RLK (Resource Leak) issues are reported when resources are allocated but not properly disposed after use. An ANDROID.RLK.SQLOBJ warning indicates that an SQLite API object (other than an SQL connection) is not closed on exit.

Vulnerability and risk

Resources such as streams, connections and graphic objects must be explicitly closed. The close operation can unblock transactions or flush file changes in the file system. While a resource will eventually be closed by the garbage collector, resource exhaustion can occur before garbage collection starts. Depending on the nature of the resource, various exceptions will be thrown on a failed attempt to allocate another resource, for example: Too many open files or too many database connections.

Mitigation and prevention

Explicitly close all resources that have the close method, even those that you think are not doing anything significant.

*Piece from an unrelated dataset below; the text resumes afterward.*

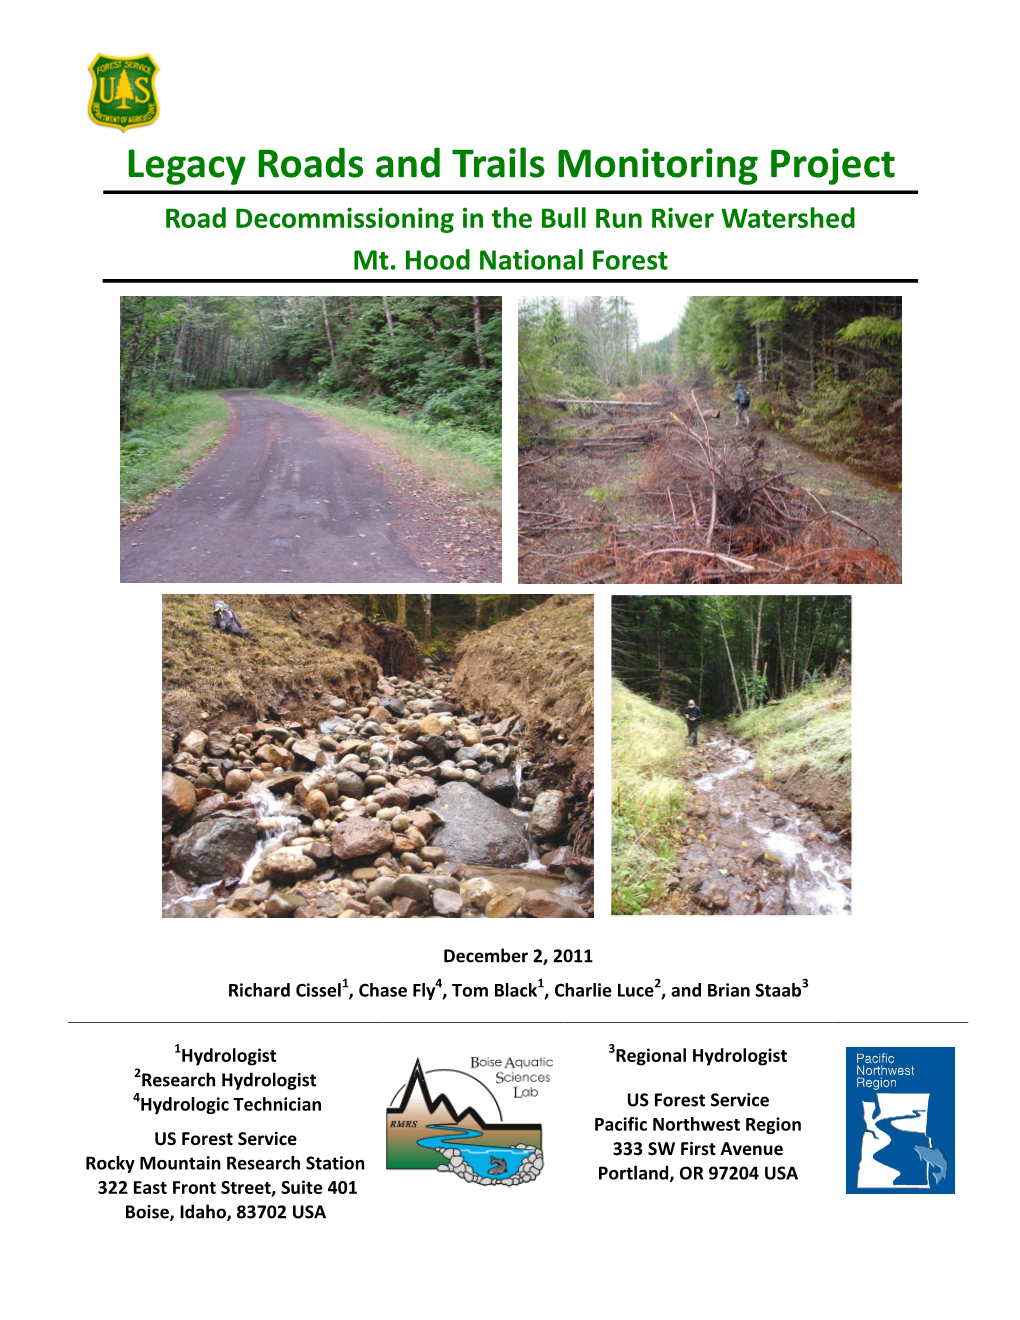 Legacy Roads and Trails Monitoring Project Road Decommissioning in the Bull Run River Watershed Mt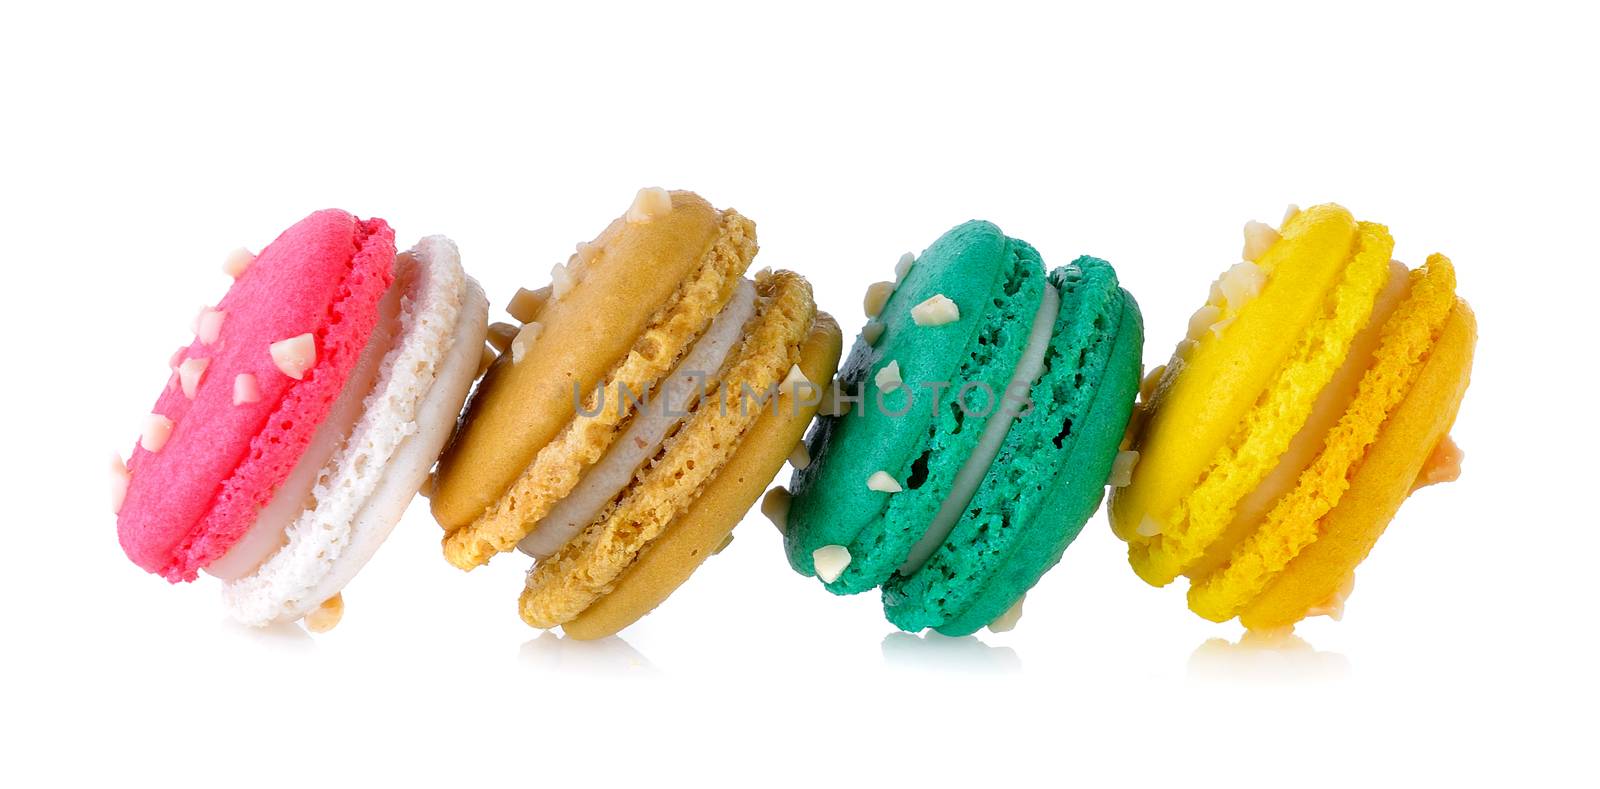  macaroons on white background by sommai

Future code changes will then be safe from such errors.

Example 1

     protected void onCreate(Bundle bundle) {
         database = openOrCreateDatabase(DB_NAME, Context.MODE_PRIVATE, null);
         if (bundle != null) {
             final String[] queryClauseArray = bundle.getStringArray(KEY_QUERY);
             if (queryClauseArray != null) {
                 for (final String queryClause : queryClauseArray) {
                     final Cursor query = database.query(DATABASE_TABLE,
                                                         new String[]{KEY_FILE, KEY_DATE, KEY_COMMENT},

ANDROID.RLK.SQLOBJ is reported for the snippet on line 49: database cursor 'query' is not closed on exit.